Whole Grain Pasta with Garlic and Pepper, Toast with Lemon Roasted Garlic White Bean

A few days ago, I was in nearby downtown Carrboro NC and smelled some garlic cooking; ever since then, I've been thinking of making a garlicky pasta dish. Today, I used up what we had left of DeBoles brand whole-grain spaghetti-style pasta, a gluten-free pasta with whole grain brown rice flour, white rice flour, rice bran, amaranth flour, and quinoa flower.
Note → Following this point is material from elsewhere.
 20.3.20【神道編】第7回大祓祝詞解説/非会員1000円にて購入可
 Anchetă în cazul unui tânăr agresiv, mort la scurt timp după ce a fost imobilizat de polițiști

I chopped two cloves of garlic into small, maybe 1/8" or a little smaller, pieces and started slowly cooking the garlic with a few tablespoons of extra virgin olive oil in a cast iron pan over low-medium heat. Over this low heat, the garlic just slowly simmered and didn't brown, with the flavor nicely developing. After maybe 12-15 minutes of the simmer, I added about a third of a small red bell pepper and a third of a small green bell pepper that I had cut into approximately 1/4" pieces, and continued cooking another 3 or 4 minutes; the pepper was still fairly firm. I then added some hot red pepper flakes and maybe 4 or 5 fresh basil leaves from my garden, coarsely hand torn into thirds or quarters. I cooked just another minute or so, then served atop the pasta, mixing some salt in.

I normally avoid beans as they sometimes upset my stomach, but I recently purchased Cool Beans brand lemon roasted garlic white bean spread. I toasted some Le Miche sourdough bread and put a dollop of the spread on top. Dinner was tasty and good!